» **MATERIAL SUPPLIED**:
------------------------

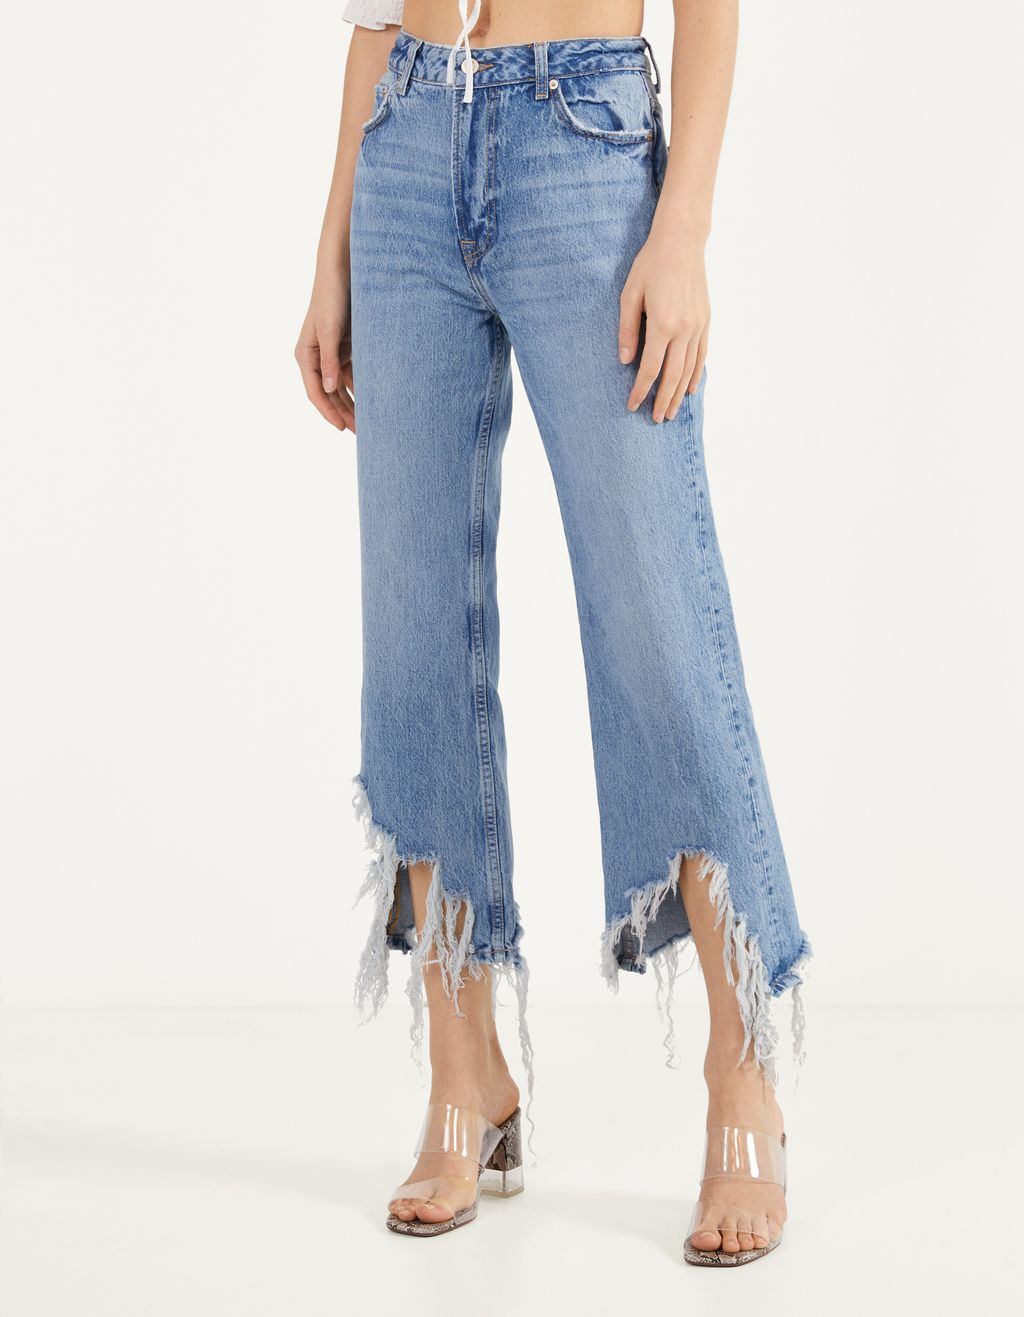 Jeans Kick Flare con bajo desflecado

------------------------

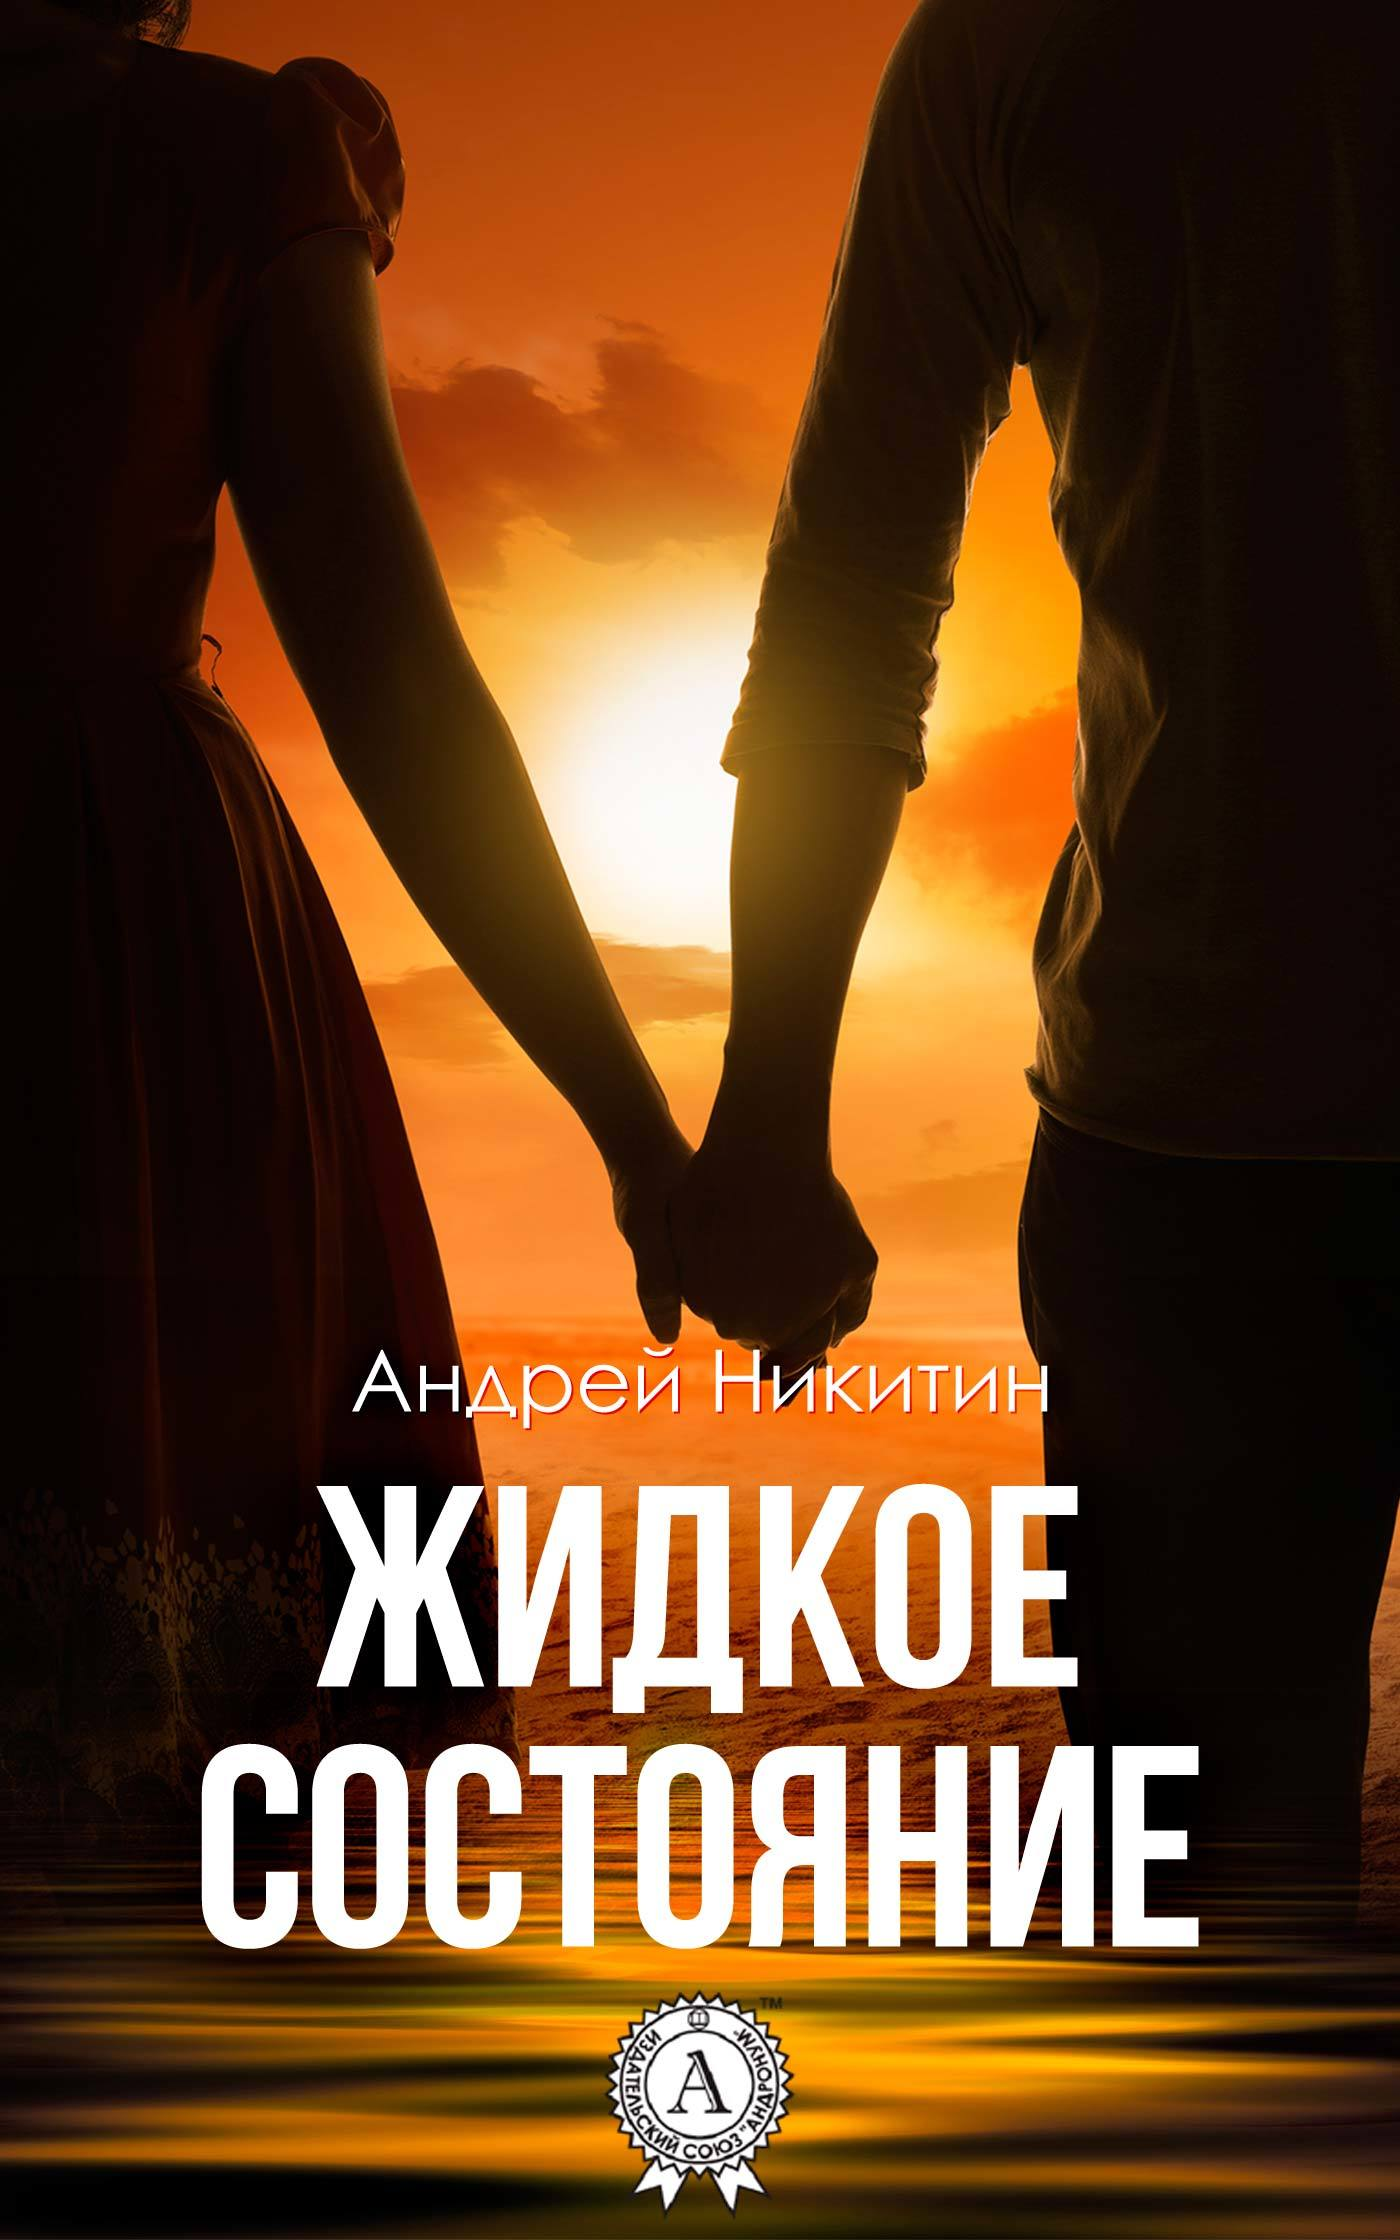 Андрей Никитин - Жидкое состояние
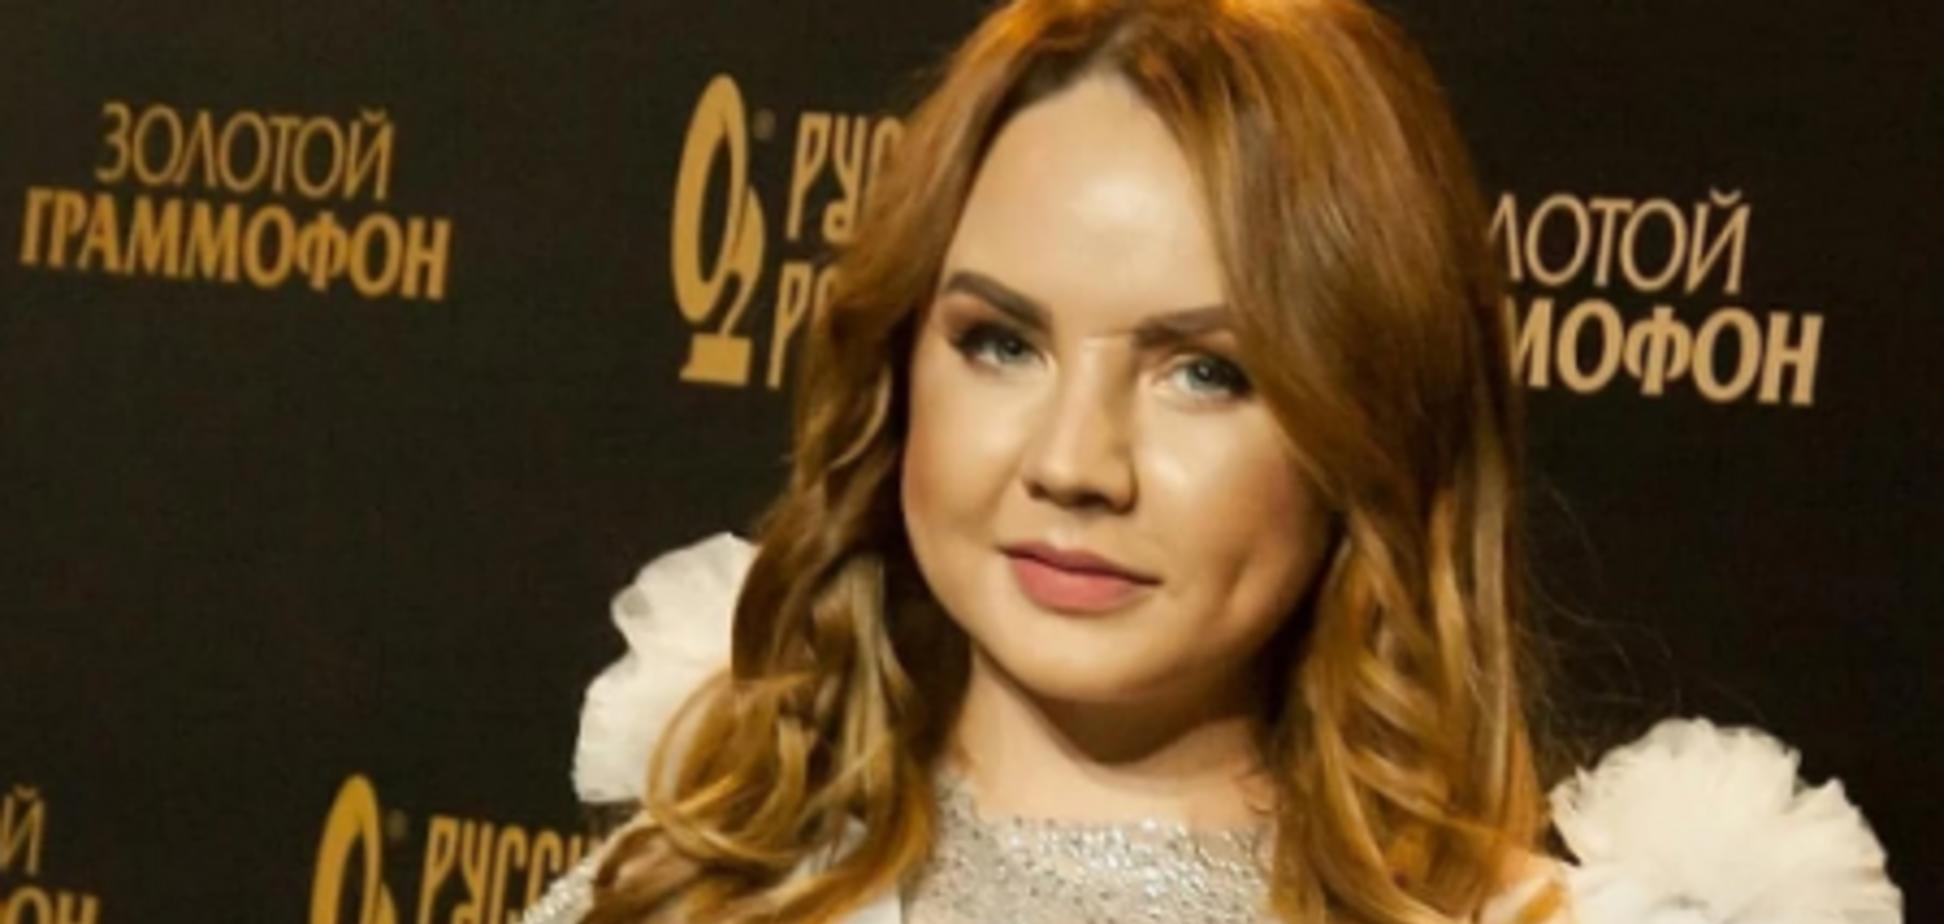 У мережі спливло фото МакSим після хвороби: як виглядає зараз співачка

------------------------

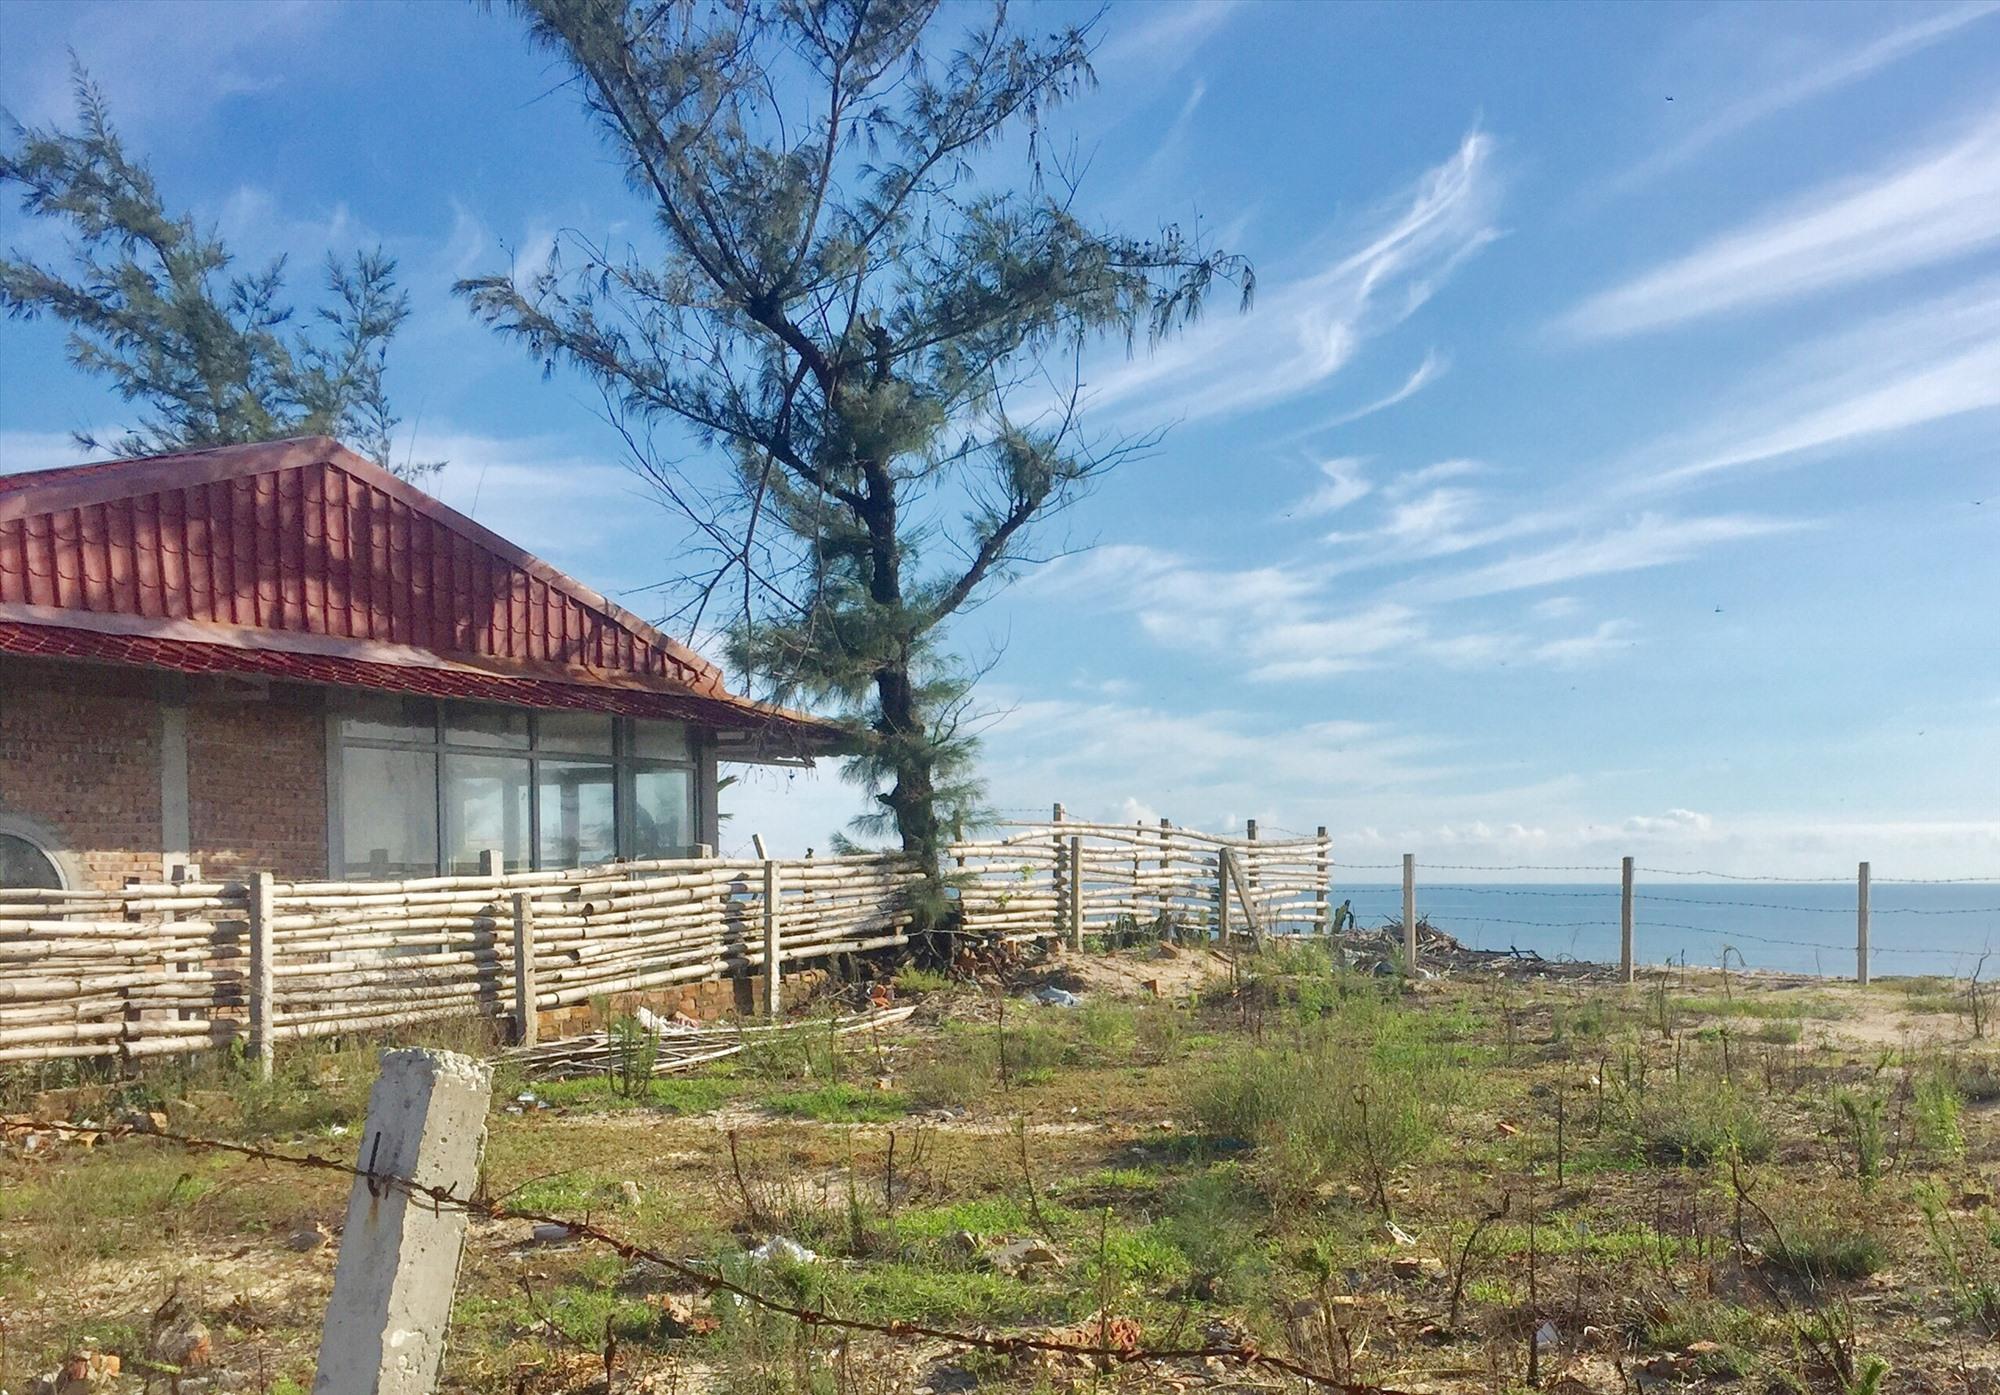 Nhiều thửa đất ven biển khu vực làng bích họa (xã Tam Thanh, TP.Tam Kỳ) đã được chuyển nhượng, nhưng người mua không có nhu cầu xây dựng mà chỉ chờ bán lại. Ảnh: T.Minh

------------------------

» **WHAT THE TASK ASKS**: When you reach the line containing "Андрей Никитин - Жидкое состояние" in the entries above, begin restating word for word, and stop once the line containing "У мережі спливло" has been given. Omit the pictures.

» **FINISHED TASK**:
 Андрей Никитин - Жидкое состояние
 У мережі спливло фото МакSим після хвороби: як виглядає зараз співачка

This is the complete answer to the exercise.